Committee Chairman Sen. Chuck Grassley, an Iowa Republican, confers with ranking member Sen. Dianne Feinstein, a California Democrat.

Story highlights

The issue Wednesday involved President Donald Trump's judicial nominee

The blue slip process requires an OK from both senators of the nominee's home state

CNN  — 

Democrats objected vociferously Wednesday as two of President Donald Trump’s appellate court judicial nominees appeared before the Senate Judiciary Committee, accusing Republicans of bucking a long-standing tradition: the blue slip.

The blue slip process typically delays or derails hearings for the federal bench unless both senators from the nominee’s home-state consent to the President’s pick. Minnesota Democratic Sen. Al Franken is withholding his blue slip for David Stras. Stras currently sits on the Minnesota Supreme Court and was nominated in May for a seat on the 8th Circuit Court of Appeals.

“I do not think that the Senate should cede its power to the executive branch and end this long-standing custom,” Franken said. Franken said he was minimally consulted by the White House on Stras’ nomination, and was only granted two meetings with staff from the White House Counsel’s office.

“In light of the White House’s disrespect for the Senate’s constitutional role, I voiced my objection using the only means available to me, by withholding my blue slip,” Franken explained. Franken has previously said he objects to Stras’ staunchly conservative views, issuing a lengthy statement explaining that he fears Stras’ “views and philosophy would lead him to reinforce those divisions and steer the already conservative 8th Circuit even further to the right.”

Committee chairman Chuck Grassley, an Iowa Republican, moved forward with Stras’ hearing Wednesday, explaining that he refused to treat blue slips “as a single-senator veto.” Democrats, however, pointed out that Grassley refused to hold hearings on ten of then-President Barack Obama’s nominees from 2015 to 2016 because they didn’t have two blue slips.
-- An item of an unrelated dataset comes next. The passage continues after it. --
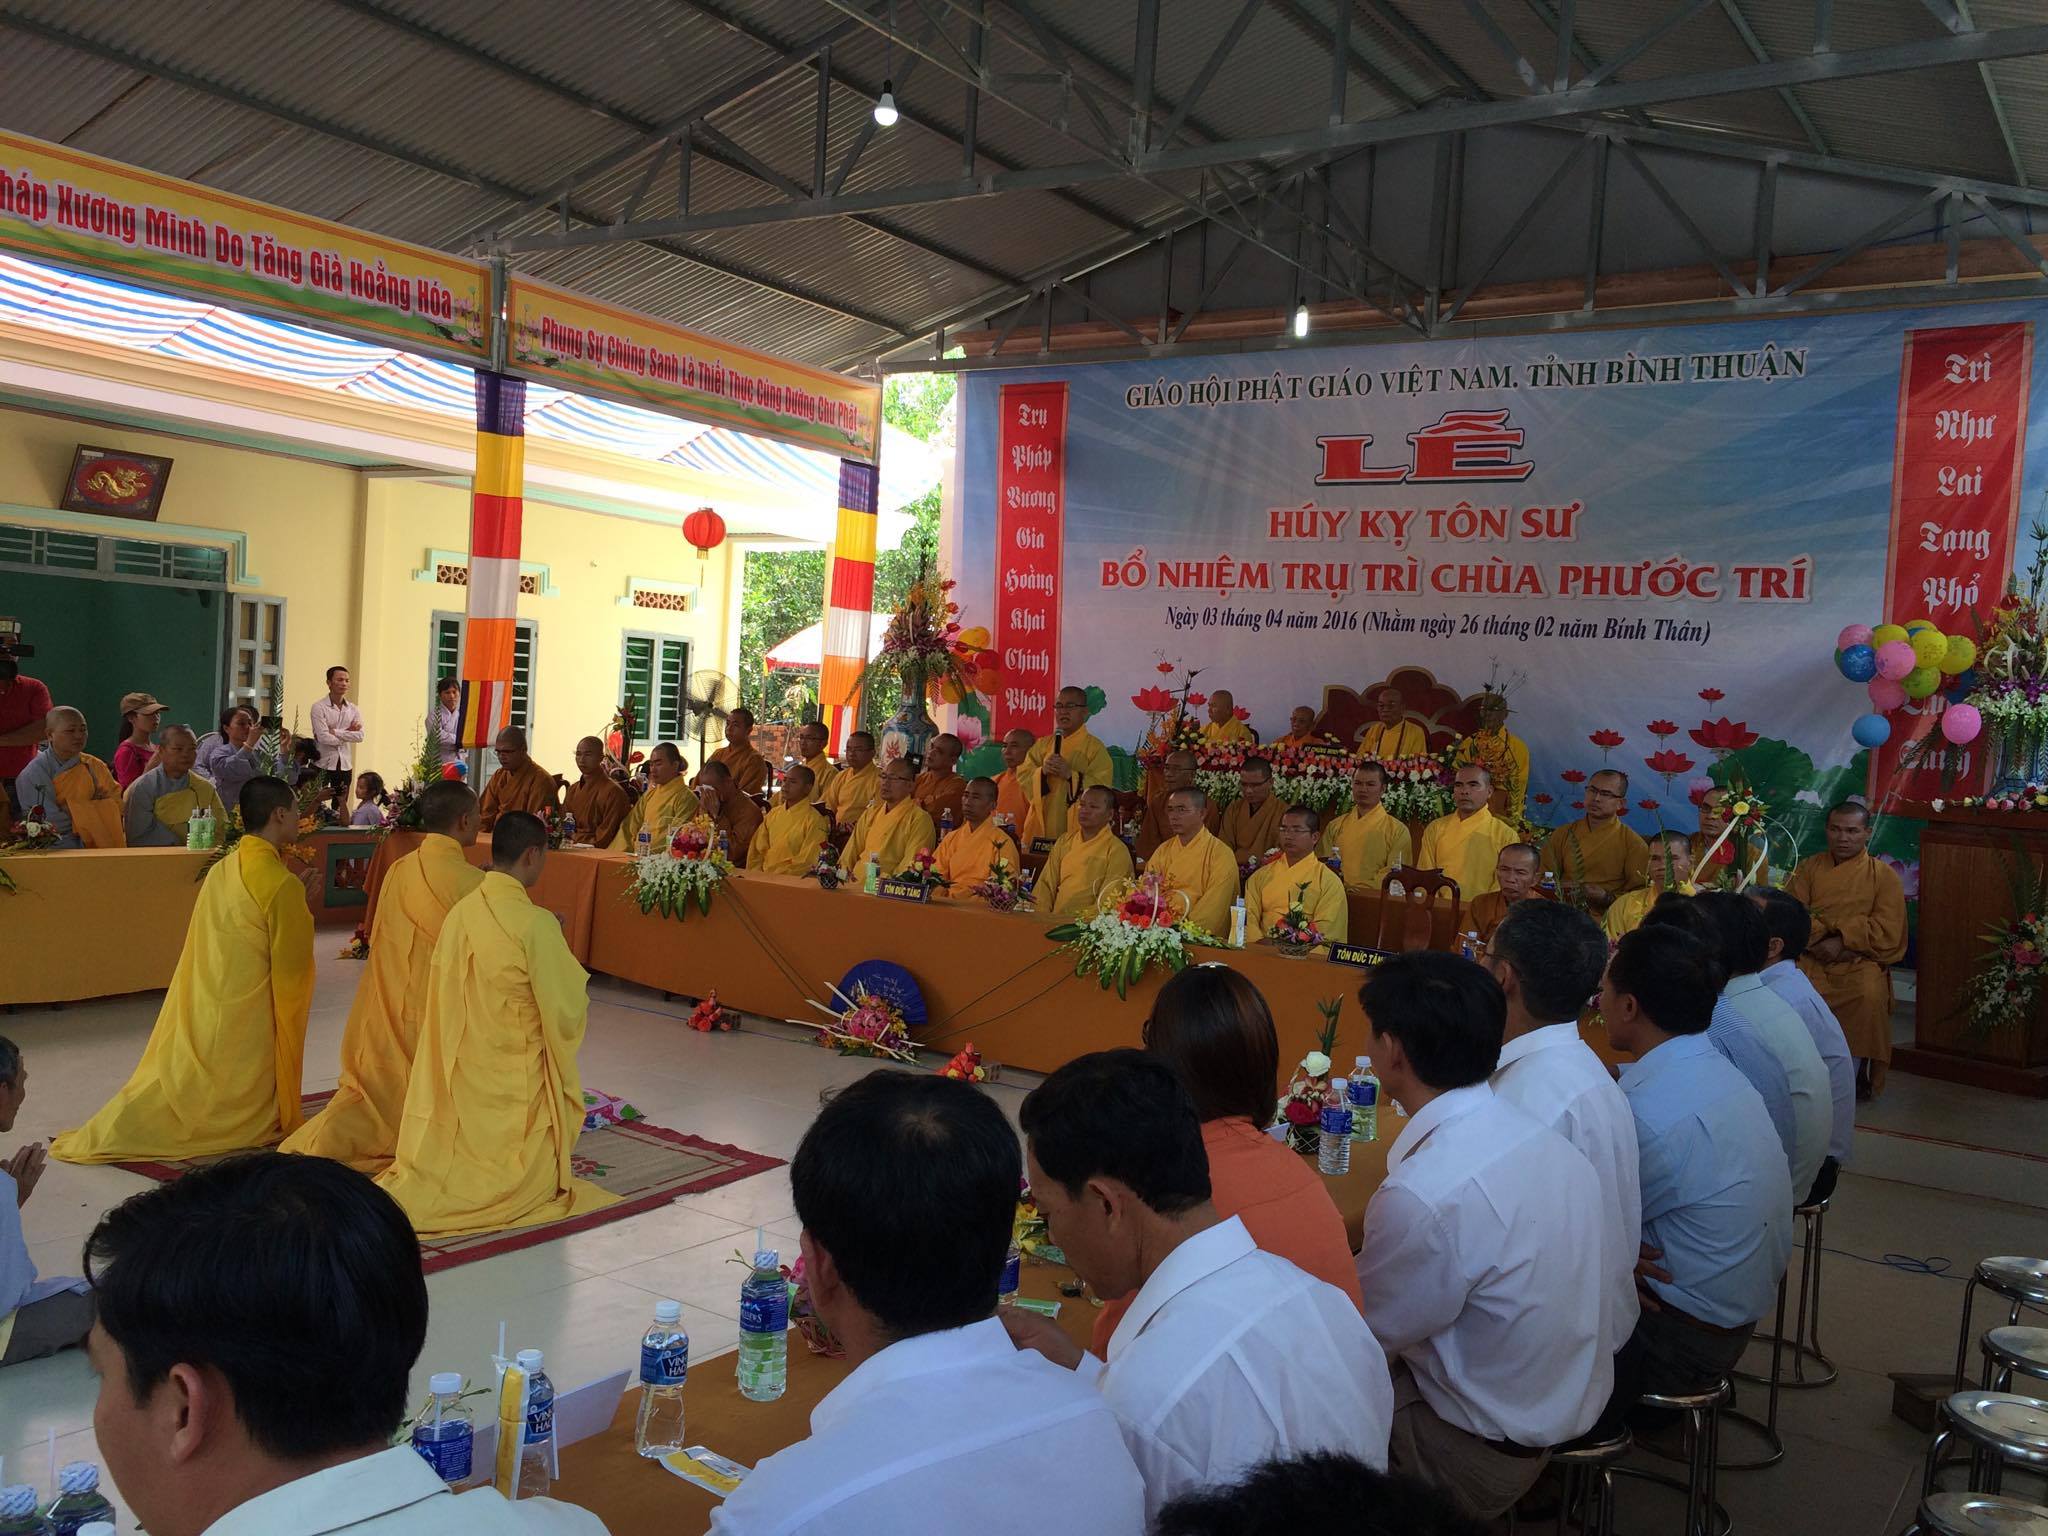 Bình Thuận: Lễ bổ nhiệm trụ trì chùa Phước Trí

Top Democrat on the committee Dianne Feinstein highlighted the apparent hypocrisy.

“The Democrats on this committee are simply asking for blue slips to be respected, just as they were for Republican senators,” Feinstein said. “All we ask is to be treated the same way in the Trump administration as Republican senators were treated in the Obama administration. No more, no less.”

Grassley defended his move, noting that previous Judiciary Committee chairmen have also moved forward with hearings in circumstances where two blue slips weren’t returned. And then Grassley punched back, pointing out that Democrats, too, have bucked tradition.

“It’s also revealing that these same colleagues and groups supported abolishing the filibuster for lower court nominees in 2013, a Senate rule that was more longstanding and established than my immediate predecessors’ strict blue slip policy,” Grassley argued.

On the Senate floor Wednesday, Senate Majority Leader Mitch McConnell defended Grassley’s move, saying blue slips should not be used to block nominees’ consideration.

“Perhaps our Democratic colleagues now feel buyer’s remorse over the change to Senate Rules they jammed through this body. But they should not be allowed to use the committee’s blue slip courtesy – which is neither a committee rule, nor a Senate Rule – as another way to block the consideration of nominees with majority support,” the Kentucky Republican said.

Republican Sen. Ted Cruz applauded Grassley’s decision to move forward with the hearing despite Franken’s blue-slip objection.

“I think your decision on the blue slips was exactly the right decision to make,” Cruz said. “Sen. Franken’s public objections to him have been, not that he is unqualified, but rather that he’s a member of the Federalist Society, that he’s clerked for Justice Clarence Thomas and that he has said supportive things of Justice (Antonin) Scalia. I do not think that should bar the committee from considering his nomination.”